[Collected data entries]
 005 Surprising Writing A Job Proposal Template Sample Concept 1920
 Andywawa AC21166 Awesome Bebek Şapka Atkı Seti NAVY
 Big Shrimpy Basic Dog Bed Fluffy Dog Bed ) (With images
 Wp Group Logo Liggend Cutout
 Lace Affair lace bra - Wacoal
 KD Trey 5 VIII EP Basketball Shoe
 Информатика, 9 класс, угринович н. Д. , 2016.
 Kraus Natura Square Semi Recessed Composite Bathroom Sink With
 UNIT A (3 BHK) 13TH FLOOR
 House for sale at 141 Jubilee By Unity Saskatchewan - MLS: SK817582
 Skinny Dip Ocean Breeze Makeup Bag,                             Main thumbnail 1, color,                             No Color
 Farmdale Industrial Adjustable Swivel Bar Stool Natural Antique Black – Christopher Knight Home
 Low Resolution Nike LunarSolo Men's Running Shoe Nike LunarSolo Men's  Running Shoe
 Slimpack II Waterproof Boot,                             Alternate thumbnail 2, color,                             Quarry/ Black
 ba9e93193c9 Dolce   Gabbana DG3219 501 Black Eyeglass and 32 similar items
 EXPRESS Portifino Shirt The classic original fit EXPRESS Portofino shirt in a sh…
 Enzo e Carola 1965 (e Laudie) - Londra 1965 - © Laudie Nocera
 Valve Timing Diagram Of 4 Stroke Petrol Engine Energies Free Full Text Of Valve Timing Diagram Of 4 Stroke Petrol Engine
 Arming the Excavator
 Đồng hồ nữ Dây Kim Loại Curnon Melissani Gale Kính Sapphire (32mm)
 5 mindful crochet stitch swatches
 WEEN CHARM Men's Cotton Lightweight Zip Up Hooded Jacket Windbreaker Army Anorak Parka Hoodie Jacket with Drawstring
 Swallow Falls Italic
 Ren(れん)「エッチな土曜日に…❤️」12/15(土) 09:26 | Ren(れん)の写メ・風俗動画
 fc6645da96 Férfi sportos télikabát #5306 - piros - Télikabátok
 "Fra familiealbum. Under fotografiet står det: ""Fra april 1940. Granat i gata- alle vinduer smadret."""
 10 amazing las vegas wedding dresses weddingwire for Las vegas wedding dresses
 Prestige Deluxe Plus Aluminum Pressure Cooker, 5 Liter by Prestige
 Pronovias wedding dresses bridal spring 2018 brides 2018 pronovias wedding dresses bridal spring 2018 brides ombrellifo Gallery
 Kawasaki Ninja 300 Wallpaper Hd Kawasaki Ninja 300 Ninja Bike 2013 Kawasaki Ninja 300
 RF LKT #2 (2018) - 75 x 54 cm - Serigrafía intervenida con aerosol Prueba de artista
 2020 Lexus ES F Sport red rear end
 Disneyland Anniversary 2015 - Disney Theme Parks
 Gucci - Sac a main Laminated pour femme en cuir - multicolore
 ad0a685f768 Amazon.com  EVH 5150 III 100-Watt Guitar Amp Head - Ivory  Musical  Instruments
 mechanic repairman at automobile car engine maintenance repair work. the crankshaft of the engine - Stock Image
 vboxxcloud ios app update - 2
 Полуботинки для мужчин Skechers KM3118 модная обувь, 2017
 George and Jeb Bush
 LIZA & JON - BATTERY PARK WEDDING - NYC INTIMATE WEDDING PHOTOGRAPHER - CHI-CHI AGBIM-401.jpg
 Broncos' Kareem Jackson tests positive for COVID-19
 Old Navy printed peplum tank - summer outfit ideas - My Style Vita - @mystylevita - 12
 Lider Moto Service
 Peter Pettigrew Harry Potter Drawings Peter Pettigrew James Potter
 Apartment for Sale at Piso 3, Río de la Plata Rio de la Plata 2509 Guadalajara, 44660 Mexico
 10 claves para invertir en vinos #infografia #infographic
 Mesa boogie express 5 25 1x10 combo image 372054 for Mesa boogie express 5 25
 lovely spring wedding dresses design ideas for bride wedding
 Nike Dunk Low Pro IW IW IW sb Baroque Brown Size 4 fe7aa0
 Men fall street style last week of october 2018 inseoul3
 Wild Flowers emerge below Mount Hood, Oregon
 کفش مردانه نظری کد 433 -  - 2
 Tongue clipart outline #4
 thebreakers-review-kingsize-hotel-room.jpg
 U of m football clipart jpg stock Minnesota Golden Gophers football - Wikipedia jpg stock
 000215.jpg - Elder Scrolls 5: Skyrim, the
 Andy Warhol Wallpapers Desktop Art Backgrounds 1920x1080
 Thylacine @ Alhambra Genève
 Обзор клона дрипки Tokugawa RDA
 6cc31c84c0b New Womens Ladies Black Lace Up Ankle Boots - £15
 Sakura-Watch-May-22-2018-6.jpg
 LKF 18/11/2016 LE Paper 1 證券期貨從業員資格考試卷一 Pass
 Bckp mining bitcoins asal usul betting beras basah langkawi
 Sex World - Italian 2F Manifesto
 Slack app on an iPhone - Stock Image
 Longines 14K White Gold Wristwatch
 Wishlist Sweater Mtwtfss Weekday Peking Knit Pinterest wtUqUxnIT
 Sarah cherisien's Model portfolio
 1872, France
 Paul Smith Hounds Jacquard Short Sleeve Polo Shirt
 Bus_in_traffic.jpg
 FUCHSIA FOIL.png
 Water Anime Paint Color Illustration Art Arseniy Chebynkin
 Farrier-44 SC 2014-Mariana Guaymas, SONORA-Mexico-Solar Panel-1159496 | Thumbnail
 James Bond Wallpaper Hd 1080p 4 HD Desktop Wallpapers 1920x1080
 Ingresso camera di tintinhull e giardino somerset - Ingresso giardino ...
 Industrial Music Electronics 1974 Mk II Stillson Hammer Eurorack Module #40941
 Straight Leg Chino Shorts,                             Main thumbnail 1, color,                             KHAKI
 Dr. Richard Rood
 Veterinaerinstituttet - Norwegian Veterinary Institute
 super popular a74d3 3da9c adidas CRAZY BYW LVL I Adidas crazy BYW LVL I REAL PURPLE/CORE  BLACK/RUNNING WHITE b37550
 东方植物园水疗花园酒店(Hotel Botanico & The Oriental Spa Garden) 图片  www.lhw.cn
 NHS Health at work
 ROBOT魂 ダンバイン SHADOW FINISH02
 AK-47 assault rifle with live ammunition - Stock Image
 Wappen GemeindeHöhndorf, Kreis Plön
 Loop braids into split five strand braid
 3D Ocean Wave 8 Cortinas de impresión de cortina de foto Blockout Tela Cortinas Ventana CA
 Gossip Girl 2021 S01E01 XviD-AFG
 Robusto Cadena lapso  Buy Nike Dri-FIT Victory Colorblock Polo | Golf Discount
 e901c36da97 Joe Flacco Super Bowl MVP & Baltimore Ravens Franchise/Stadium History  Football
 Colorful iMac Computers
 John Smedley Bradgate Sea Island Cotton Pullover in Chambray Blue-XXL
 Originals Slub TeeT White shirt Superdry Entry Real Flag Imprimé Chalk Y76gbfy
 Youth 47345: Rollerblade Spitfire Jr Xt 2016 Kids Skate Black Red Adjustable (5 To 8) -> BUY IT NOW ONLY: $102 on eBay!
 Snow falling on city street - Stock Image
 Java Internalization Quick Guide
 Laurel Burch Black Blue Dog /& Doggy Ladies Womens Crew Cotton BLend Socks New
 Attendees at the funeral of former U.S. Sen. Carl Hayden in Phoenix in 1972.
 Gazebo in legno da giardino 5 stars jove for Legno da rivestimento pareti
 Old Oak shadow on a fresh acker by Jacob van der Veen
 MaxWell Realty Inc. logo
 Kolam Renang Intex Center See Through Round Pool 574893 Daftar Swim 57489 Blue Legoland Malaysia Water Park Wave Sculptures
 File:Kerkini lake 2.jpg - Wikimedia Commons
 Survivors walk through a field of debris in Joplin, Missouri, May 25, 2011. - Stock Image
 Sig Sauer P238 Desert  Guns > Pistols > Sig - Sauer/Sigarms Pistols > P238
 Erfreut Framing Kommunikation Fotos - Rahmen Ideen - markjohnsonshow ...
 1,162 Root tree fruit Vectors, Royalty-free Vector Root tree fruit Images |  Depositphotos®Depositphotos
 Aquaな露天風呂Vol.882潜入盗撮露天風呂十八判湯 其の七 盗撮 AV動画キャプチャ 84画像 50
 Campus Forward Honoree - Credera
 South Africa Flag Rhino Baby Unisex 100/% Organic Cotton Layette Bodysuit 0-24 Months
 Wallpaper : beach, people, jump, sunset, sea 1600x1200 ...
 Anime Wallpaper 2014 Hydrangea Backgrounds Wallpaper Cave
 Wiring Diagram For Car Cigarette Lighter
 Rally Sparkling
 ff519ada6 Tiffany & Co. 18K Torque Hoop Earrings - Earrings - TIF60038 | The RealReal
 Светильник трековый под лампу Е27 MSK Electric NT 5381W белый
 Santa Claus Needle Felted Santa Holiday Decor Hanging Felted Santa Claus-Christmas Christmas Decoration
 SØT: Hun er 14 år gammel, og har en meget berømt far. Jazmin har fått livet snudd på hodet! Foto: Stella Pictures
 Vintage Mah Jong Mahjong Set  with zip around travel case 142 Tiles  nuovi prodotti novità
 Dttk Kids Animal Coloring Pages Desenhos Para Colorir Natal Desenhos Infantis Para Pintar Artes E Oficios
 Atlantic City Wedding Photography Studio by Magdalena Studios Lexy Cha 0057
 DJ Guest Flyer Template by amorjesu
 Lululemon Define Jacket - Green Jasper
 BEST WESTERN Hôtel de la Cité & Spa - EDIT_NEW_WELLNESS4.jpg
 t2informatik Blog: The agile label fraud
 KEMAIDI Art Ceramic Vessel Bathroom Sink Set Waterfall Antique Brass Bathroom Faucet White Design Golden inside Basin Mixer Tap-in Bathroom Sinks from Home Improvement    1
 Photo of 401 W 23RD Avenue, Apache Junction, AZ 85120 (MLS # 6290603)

Exercise brief:
Filter the entries down to the lines that include the string "ideas".

Answer space:
 Old Navy printed peplum tank - summer outfit ideas - My Style Vita - @mystylevita - 12
 lovely spring wedding dresses design ideas for bride wedding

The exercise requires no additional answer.